(Beginning of Raw data)

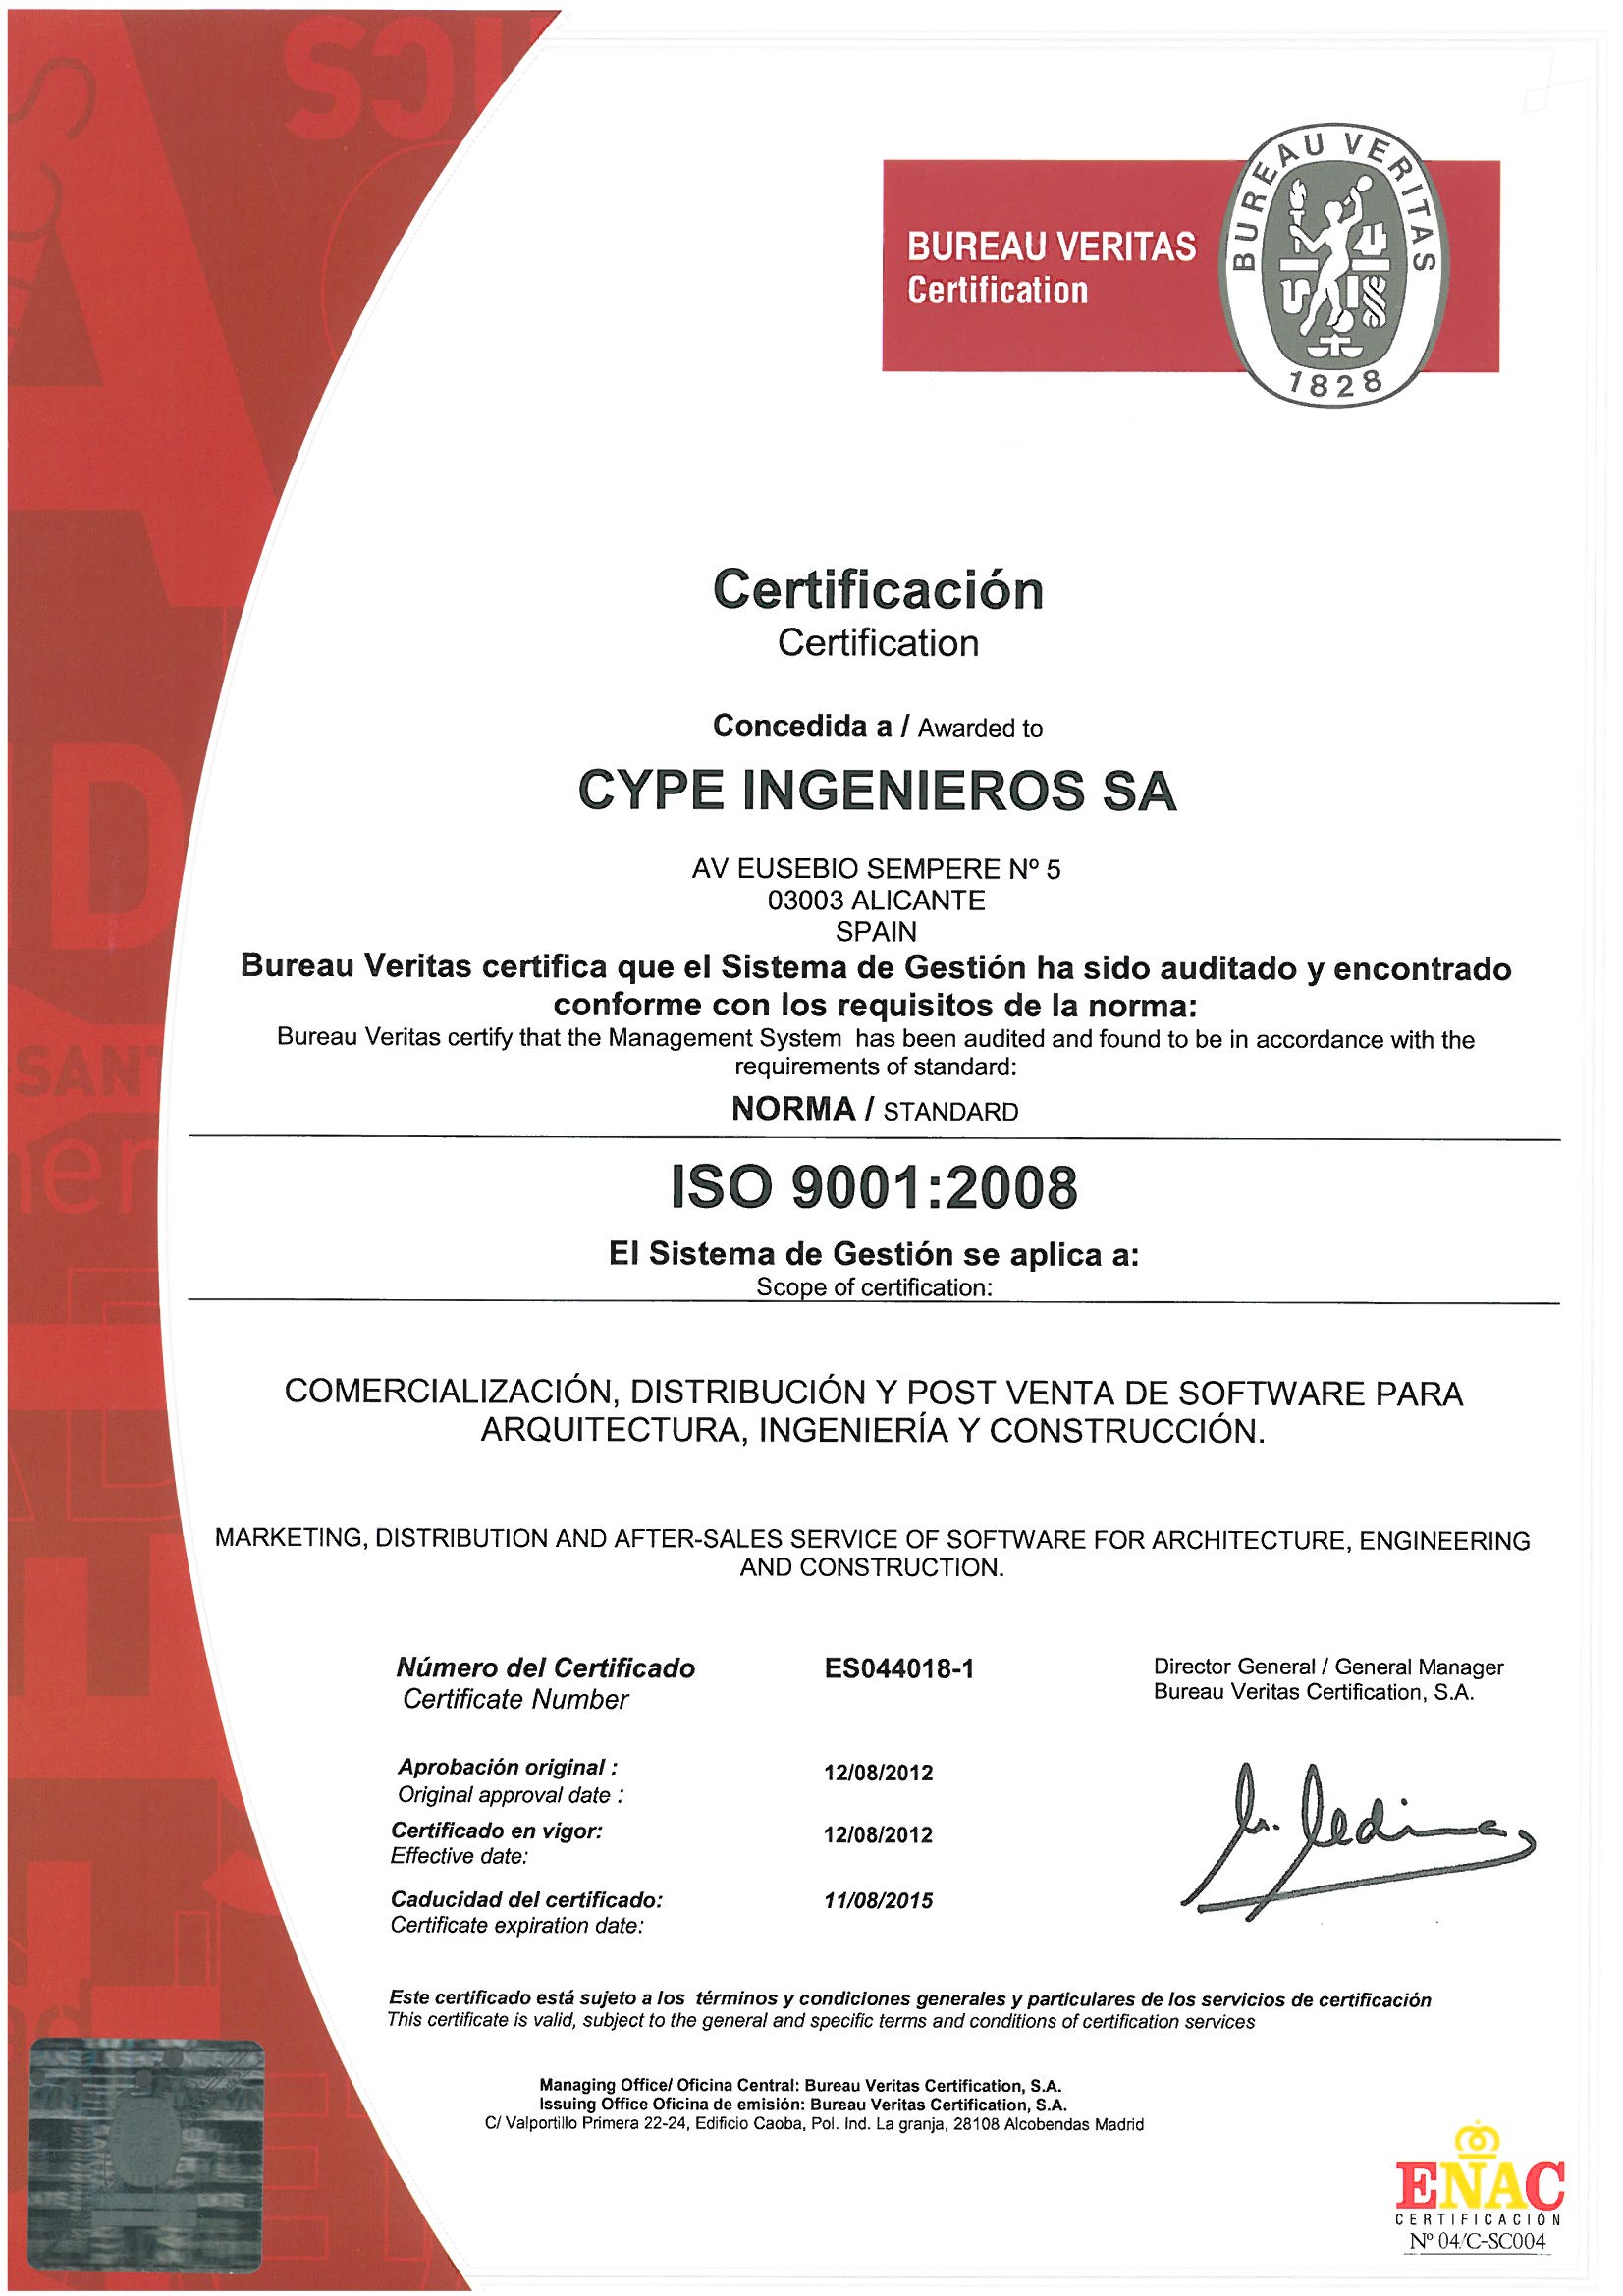 Cype Logra El Certificado Iso 9001 2008 Que Avala Su Sistema De Gestión
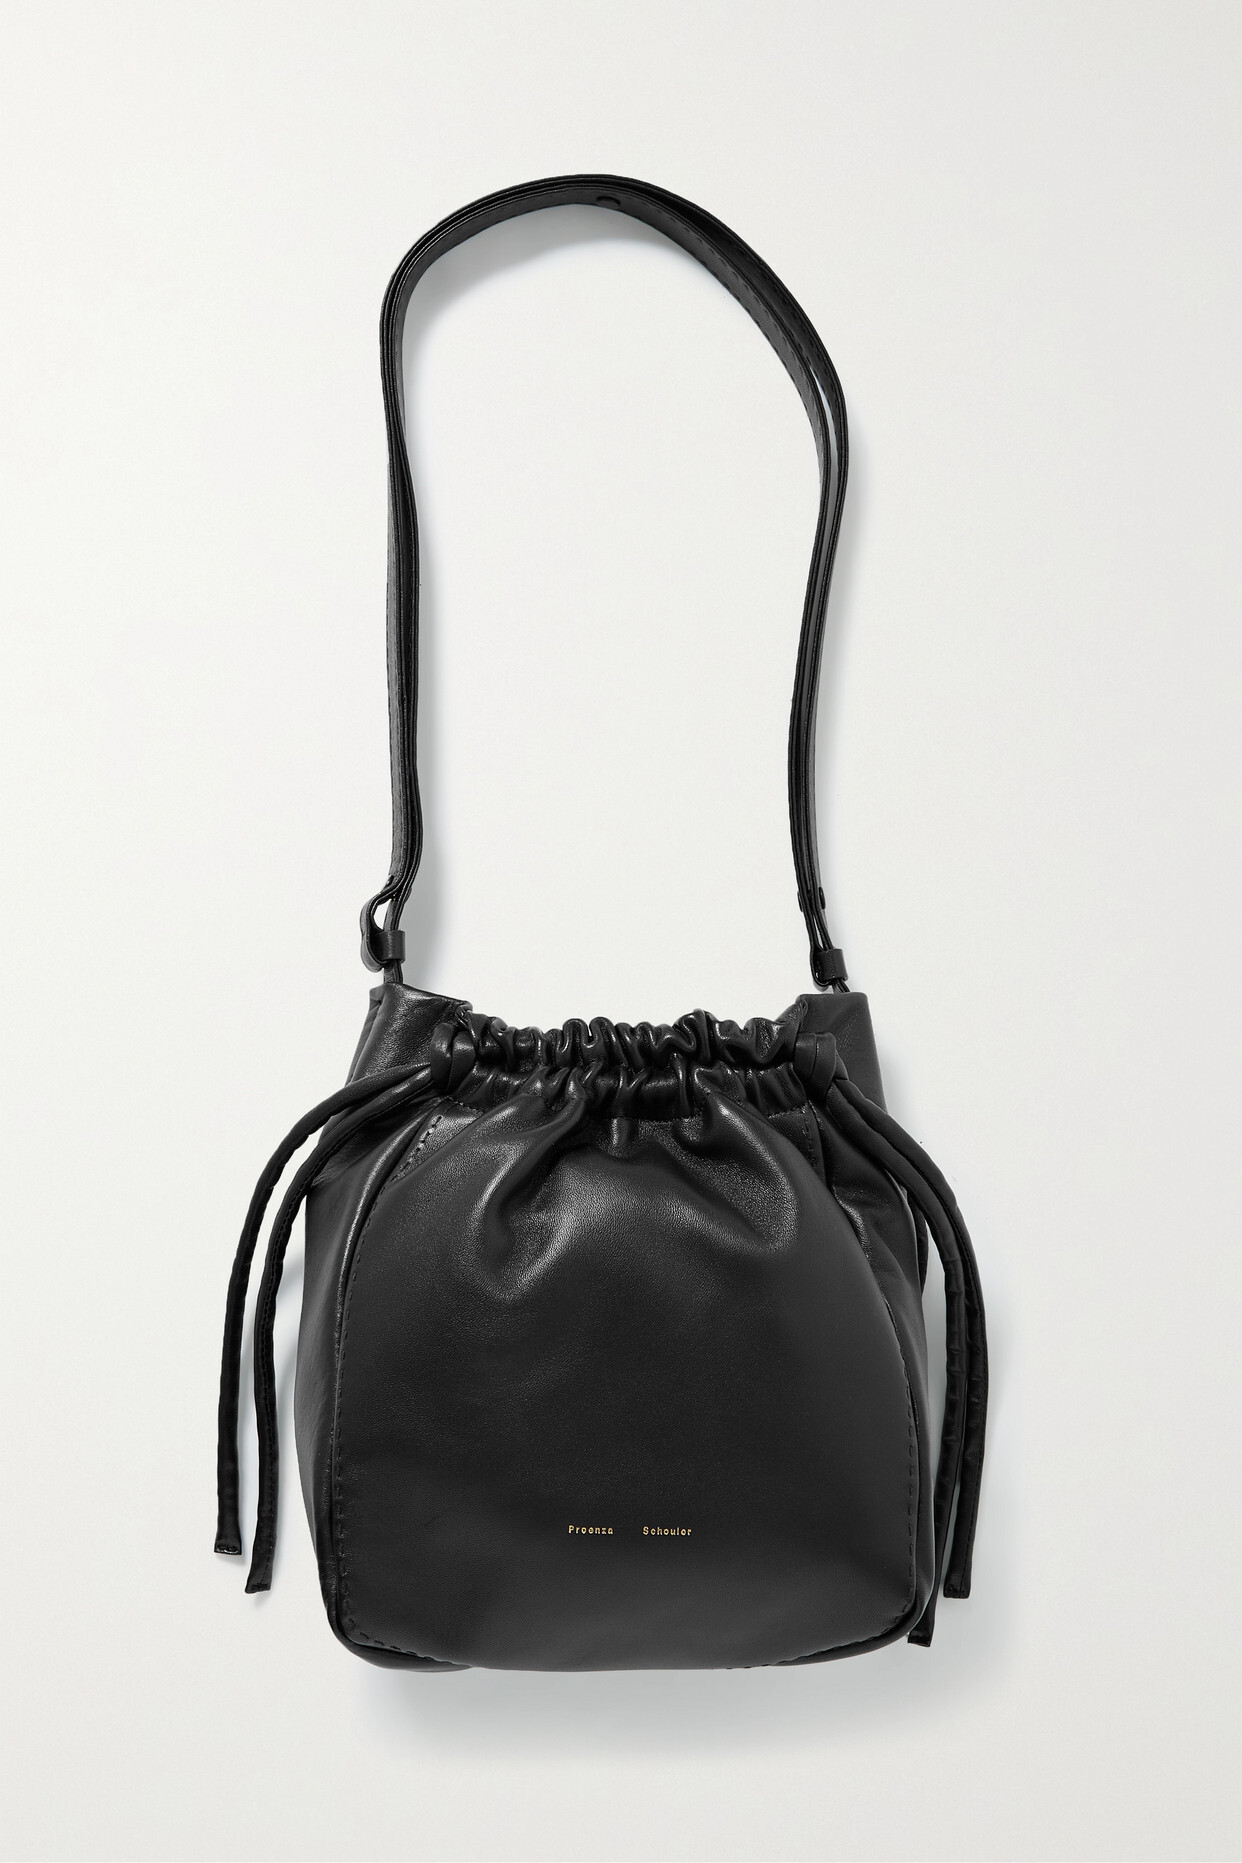 Proenza Schouler - Leather Shoulder Bag - Black
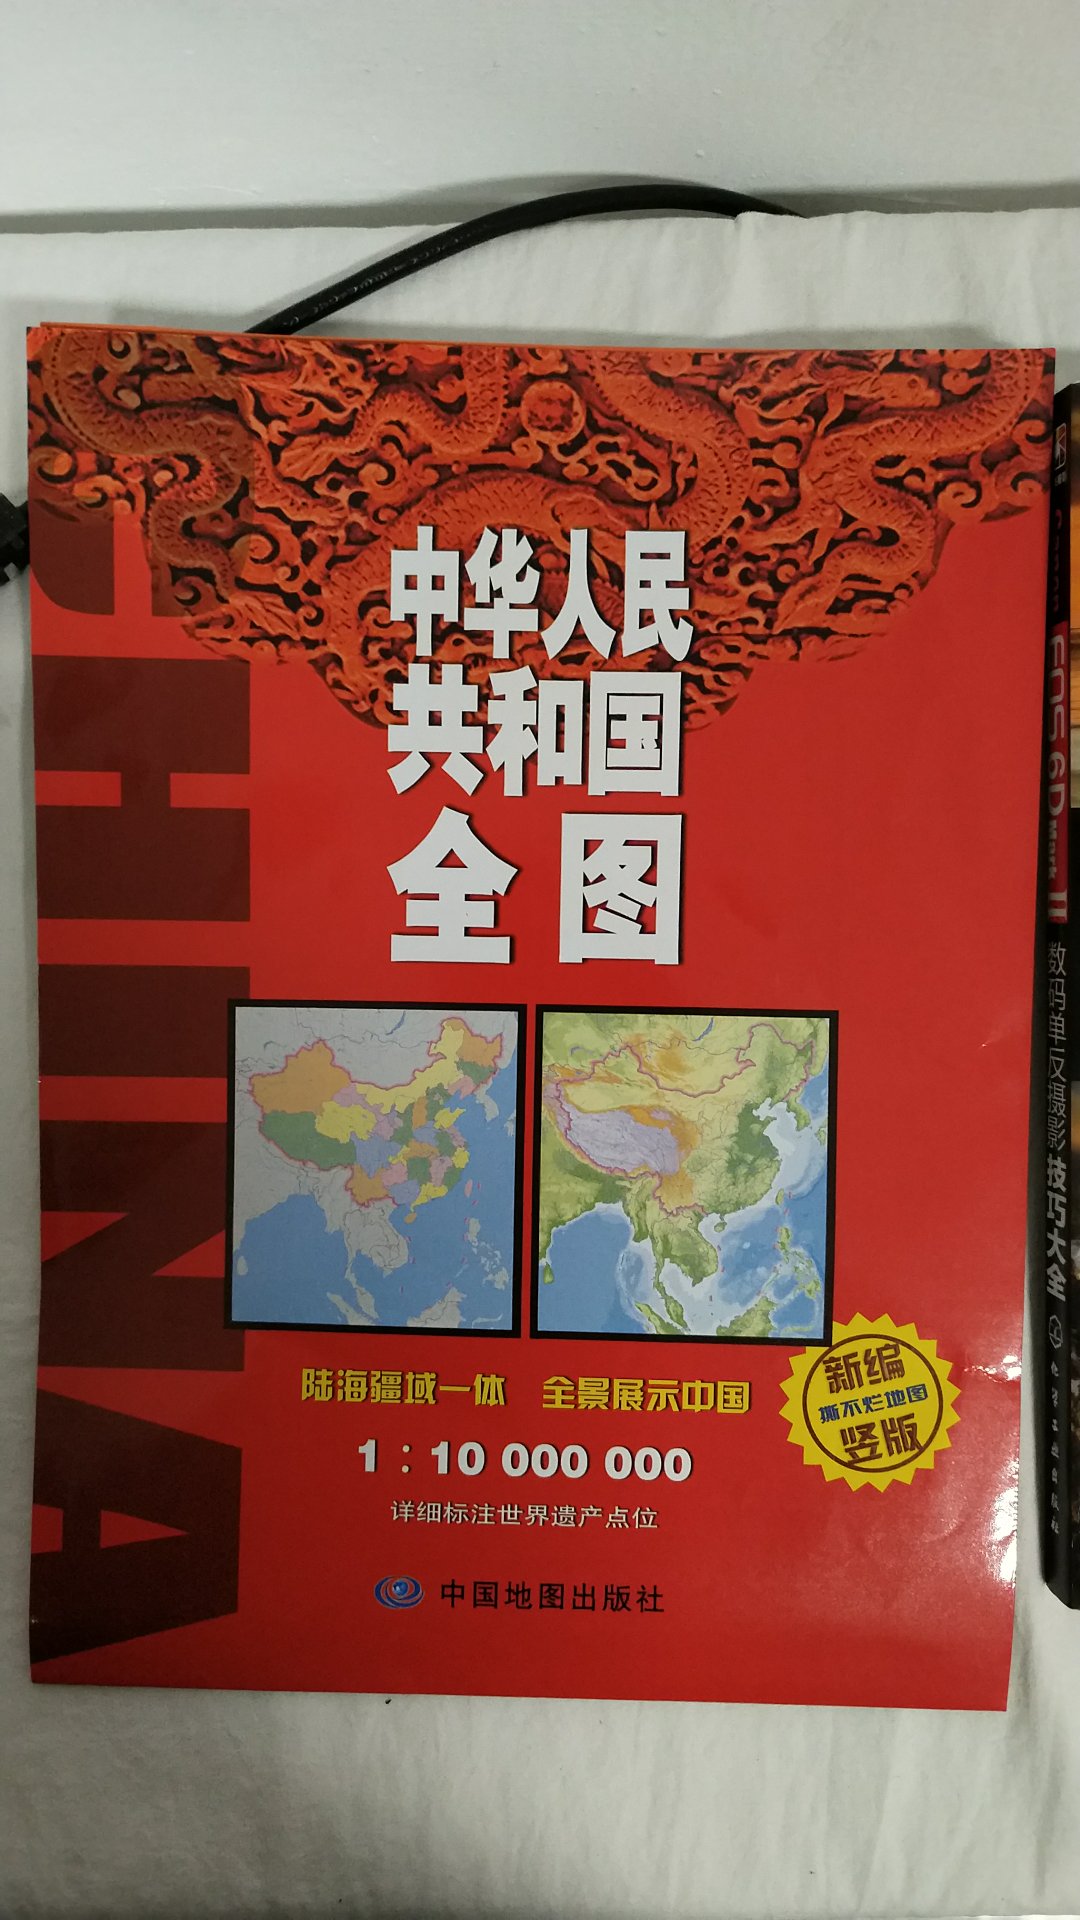 自营的书，这个地图不错还有不同时期的行政地图，竖版的地图凸出来了南中国的大海！还有地形图，纸质皮实耐用的感觉！价格还算合适吧，活动也就买了！

(End of Raw data)

Every line above needs to be written out again as it stands. Pictures do not belong in the copy.

 Cype Logra El Certificado Iso 9001 2008 Que Avala Su Sistema De Gestión
 Proenza Schouler - Leather Shoulder Bag - Black
 自营的书，这个地图不错还有不同时期的行政地图，竖版的地图凸出来了南中国的大海！还有地形图，纸质皮实耐用的感觉！价格还算合适吧，活动也就买了！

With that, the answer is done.